Но какова была собственно художественная цель аксиальности, то есть преимущественного положения en face, у фигур в позднеантичной живописи и рельефе? Очевидно, это было приведение к пространственности фигуры, которая с помощью резкого поворота к зрителю и выдвижения ему навстречу из глубины наглядно противопоставлялась зрительной плоскости. Фигуры, изображенные en face, должны были, таким образом, воплощать то же самое художественное намерение, что и расположенные по диагонали здания, и взгляд сверху на фигуры, предметы обихода, деревья, горы и т. д. Но что если подобным фигурам надо было взаимодействовать друг с другом (например, в разговоре)? Непринужденного поворота фигур в профиль приходилось безоговорочно избегать, ибо в таком случае они снова оказались бы чрезмерно привязаны к фоновой (зрительной) плоскости. Так что фигурам было просто необходимо сохранять аксиальность даже тогда, когда они выступали не в своей, так сказать, абстрактной единичной сущности, но в актуальном общении друг с другом. Само же общение препоручалось языку взглядов. Лучше любых дефиниций об этом может поведать изображение из «Венской Книги Бытия» (см. иллюстрацию выше). В обращенных в сторону глазах — прием, повторяющийся здесь у всех фигур и кажущийся нам сегодня таким ребячески-варварским, — мы должны отныне распознавать позитивное художественное средство, благодаря которому фигуры в своей кубической пространственности должны были высвободиться из зрительной плоскости и вступить в отношения друг с другом, но свободное пространство между ними признавалось только как идеальное пространство, а не как реальный фрагмент бесформенной бесконечности. И действительно, мы встречаемся с этим явлением в течение всего Средневековья. С ним можно столкнуться еще в немецких и французских миниатюрах XIV в. Аксиальность пропала лишь в результате решительной эмансипации свободного пространства в изобразительном искусстве XV в., точно так же как благодаря тому, что эмансипировалась способность фигур вступать в отношения между собой на плоскости, в V в. до н. э. исчезла древневосточная и архаическая фронтальность.
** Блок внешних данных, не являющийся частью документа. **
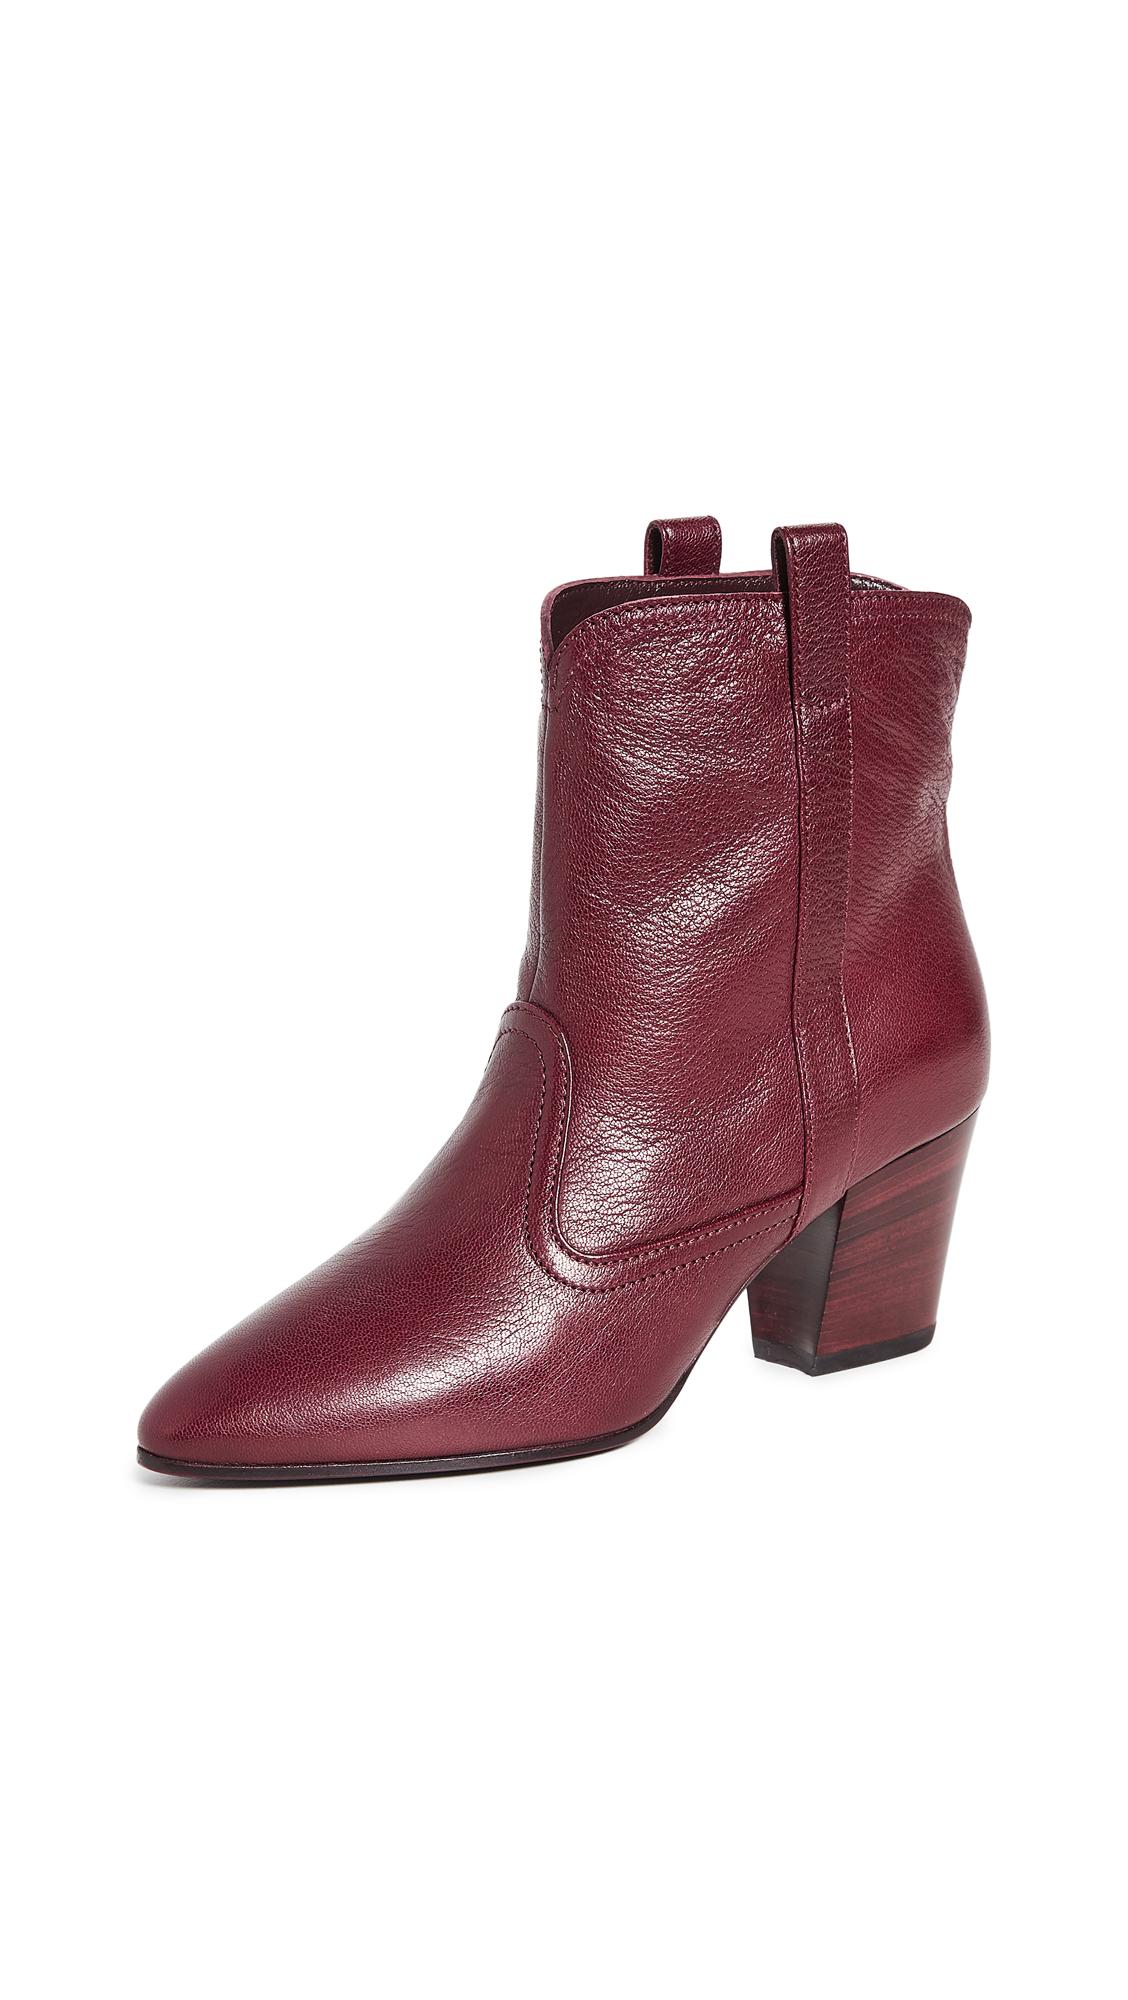 Laurence Dacade Sheryll Booties - 70% Off Sale

Разумеется, контрапост как классический способ опосредования между телесным покоем и движением не смог удержаться рядом с новой фронтальностью (аксиальностью). Но сопоставление с диптихом Феликса (428 г. н. э.) демонстрирует как более радикальное преодоление в нем контрапоста, так и наглядно выраженное парящее положение стоп, так что вышеупомянутая мозаика из базилики Санта-Мария Маджоре представляет собой несколько более раннюю стадию развития (хотя, естественно, необязательно более ранний период хронологически).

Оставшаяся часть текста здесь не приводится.